An LR-series circuit is a type of electrical circuit that includes an inductor (L) and a resistor (R) connected in sequence. These circuits are commonly used to study transient responses, where the current or voltage takes time to reach its final value after a change, such as a sudden application of a voltage. This time-dependent behavior differentiates an LR-series circuit from static circuits.

**Key Components of an LR-series Circuit**:
- **Inductor (L):** This coil stores energy in a magnetic field when electric current flows through it, and opposes changes in the current.
- **Resistor (R):** This element opposes the flow of electric current, converting electrical energy into heat.
- **Voltage Source (E):** Supplies the power driving the current through the circuit.

In an LR-series circuit, the voltage drop across the inductor and the resistor must sum up to equal the imposed voltage from the source. This relationship helps us understand how current changes with time as the circuit reaches its steady state.

Variable inductance involves an inductor whose inductance value can change rather than remain constant. This means that the inductor can dynamically adjust its opposition to changing currents over time, providing a more flexible control over the circuit behavior.

In the given problem, the inductance is defined as a piecewise function, where:\[L(t)= \begin{cases}1-\frac{1}{10} t, & 0 \leq t<10 \ 0, & t \geq 10\end{cases}\]**Implications of Variable Inductance**:- By having a variable inductance, the circuit's response to an applied voltage is time-dependent, exactly following the given inductance formula.
- As the inductor varies over time, its impact on the circuit's impedance changes, influencing how quickly the circuit reaches steady state.
- Understanding this time-variance is crucial for modeling real-world applications, where inductors may not always maintain a constant inductance due to factors like core saturation.

The initial condition specifies the state of a system, such as an LR-series circuit, at the start of an analysis or simulation. For differential equations, initial conditions are essential because they help determine a unique solution.

For instance, in our problem, the initial condition is given as \( i(0) = 0 \). This tells us that the current through the circuit is zero at time zero. Initial conditions are utilized for:

- **Solving Differential Equations:** They provide the specific values needed to solve for constants present in the solution.
- **Setting System Start Points:** By defining what happens at the very start, we influence how the solution behaves over time.
- **Ensuring System Stability:** Knowing the initial condition aids in predicting whether a system will stabilize or escalate under certain conditions.

Without these initial conditions, we might get a general solution but not one tailored to the specific moment or most applicable scenario.

A piecewise function is a math function defined by multiple sub-functions, each corresponding to a certain interval in its domain. In real-world applications, like circuits, piecewise functions are essential for modeling behaviors that change over time or under specific conditions.

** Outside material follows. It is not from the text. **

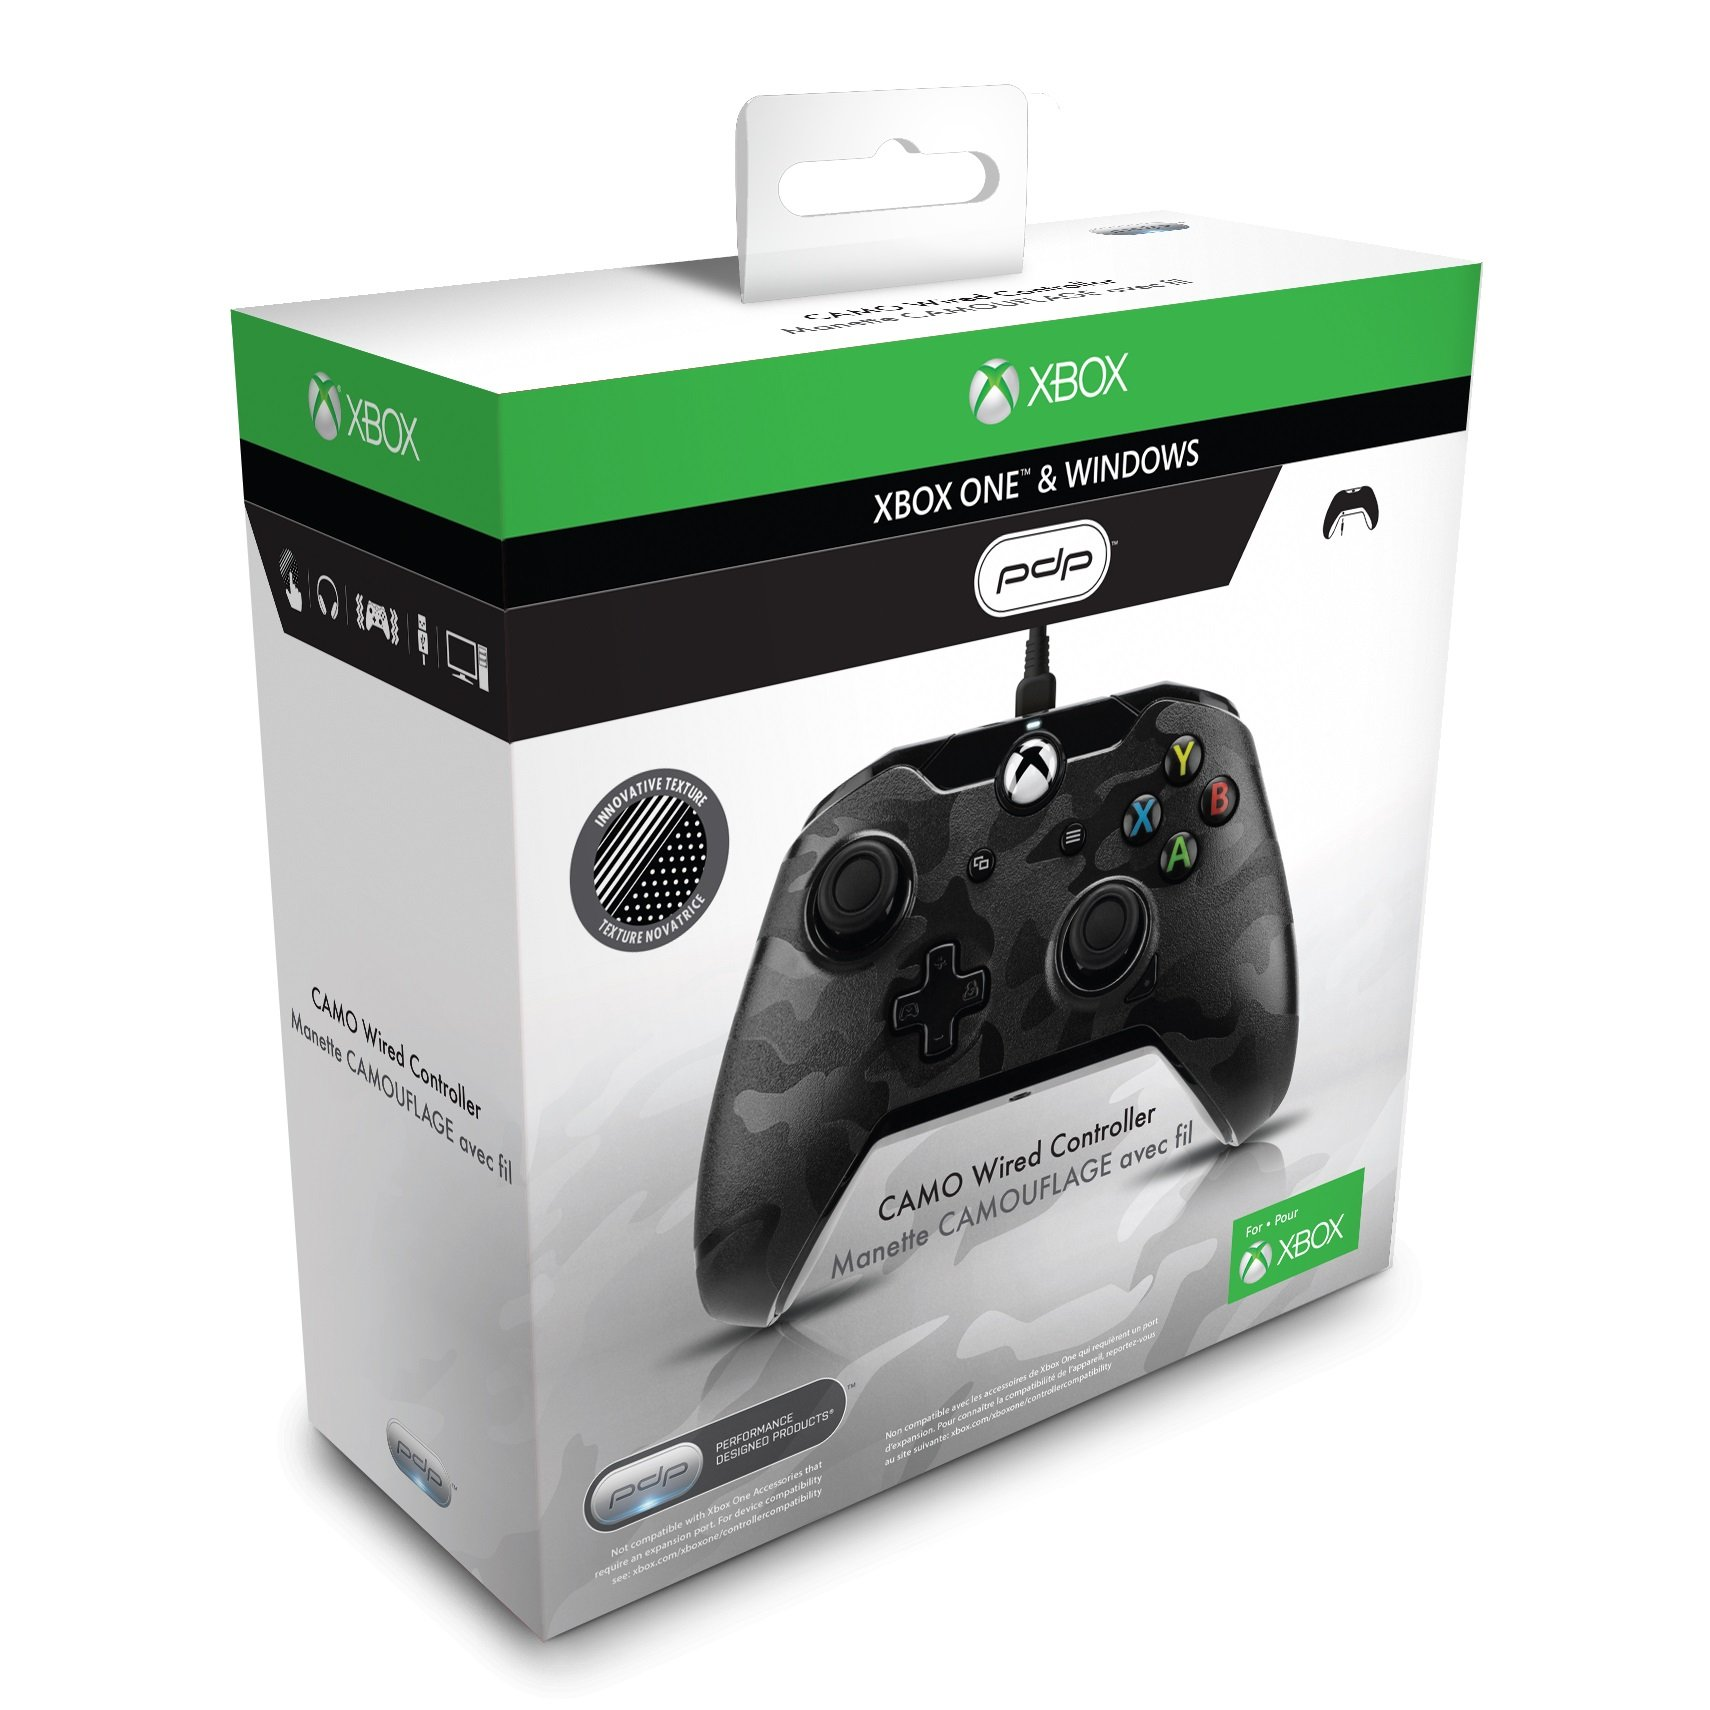 PDP - Mando Con Cable, Licenciado, Color Camuflaje (Xbox One, PC): Amazon.es: Videojuegos

**Key Aspects of Piecewise Functions**:
- They allow us to describe complex behaviors in a simplified way. Each segment of the function caters to a different operational region or condition.
- In our problem, the inductance function \( L(t) \) is a piecewise function that changes its value based on time \( t \).
- Piecewise functions are crucial when certain properties of a system (like inductance) suddenly change at determined points, impacting the system's overall behavior.

In the exercise, transitioning from one piece of the function to another (at \( t = 10 \)) signifies a change in the circuit dynamics, influencing the solution and the graphical representation of the current \( i(t) \). This highlights their role in accurately depicting scenarios for different time periods or conditions.